Twenty-year-old Charlotte Lamb laid her finest gowns into the trunk . . . . Then came her promenade dresses, evening dresses and gayer day dresses. . . .She looked at the trunk filled with her beautiful years, her happy vain youth, and firmly shut the lid.
In this way Julie Klassen introduces us to Charlotte on the morning of the day she leaves home -– to the good-riddance of her cold father, the vicar, and her jealous sister. But the leaving is anything but a relief to her. For she is on her way to London and Milkweed Manor, a lying-in hospital for unwed mothers. In Lady of Milkweed Manor, Klassen goes on to tell the story of Charlotte’s coming-of-age through the birth of her child and the difficult decisions she must make as a single mother in early 19th-century England.

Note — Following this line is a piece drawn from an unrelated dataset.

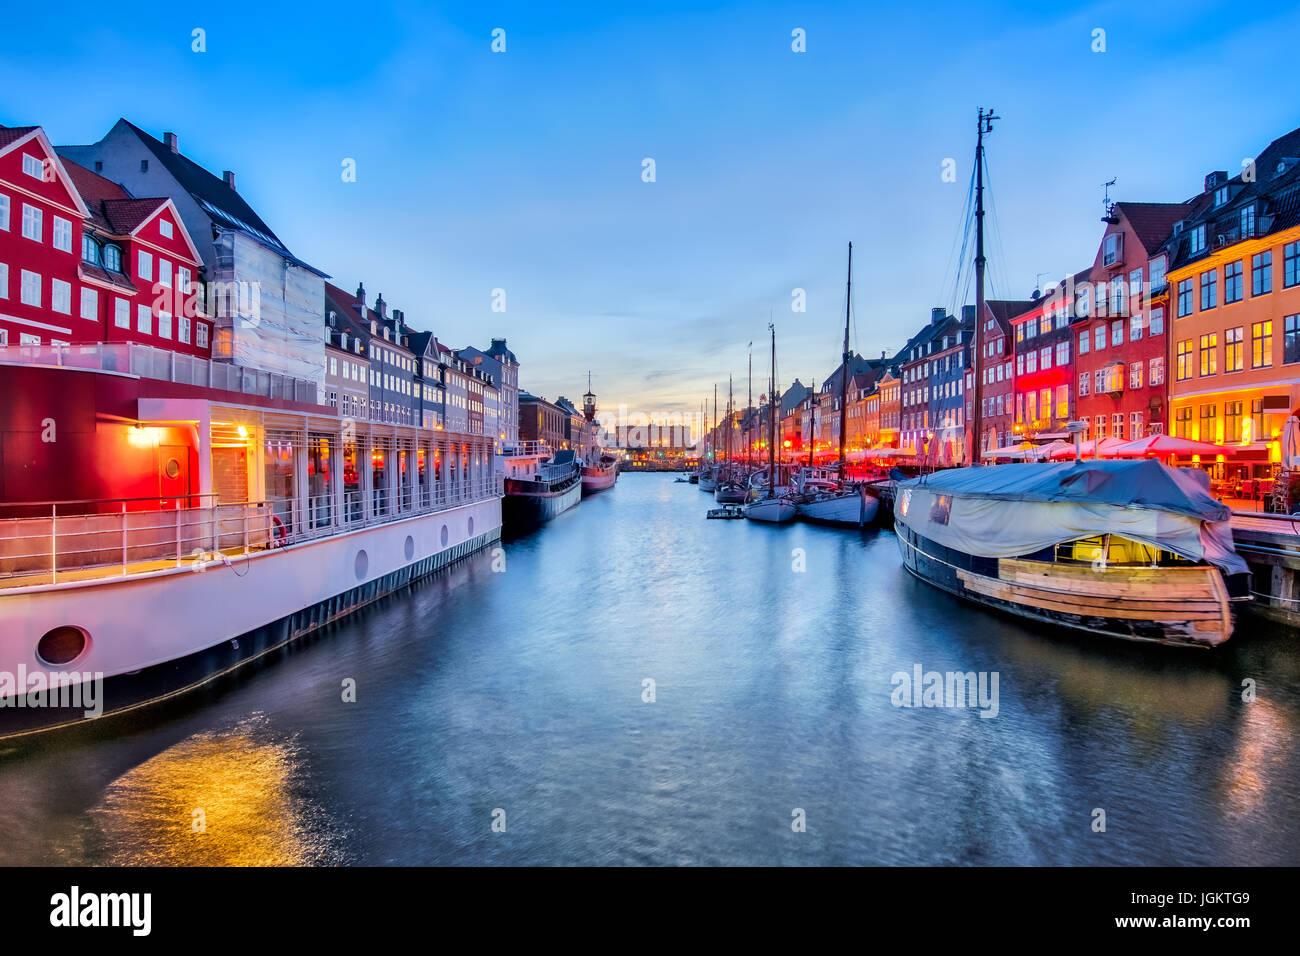 Nyhavn aux façades colorées des maisons anciennes à Copenhague, Danemark Banque D'Images

Klassen establishes and sustains the historical ambience of the book with all the right paraphernalia. She’s obviously done her homework into what people wore, ate, drove, how they spent their leisure, even how they talked: “A pleasant prospect?”, “How fortuitous . . . .”, “Is this a new affliction?” The society she has created is rife with class consciousness, courtly though sometimes insincere manners, and strong ideas of what is and isn’t acceptable. It reminded me of the world of Jane Austen.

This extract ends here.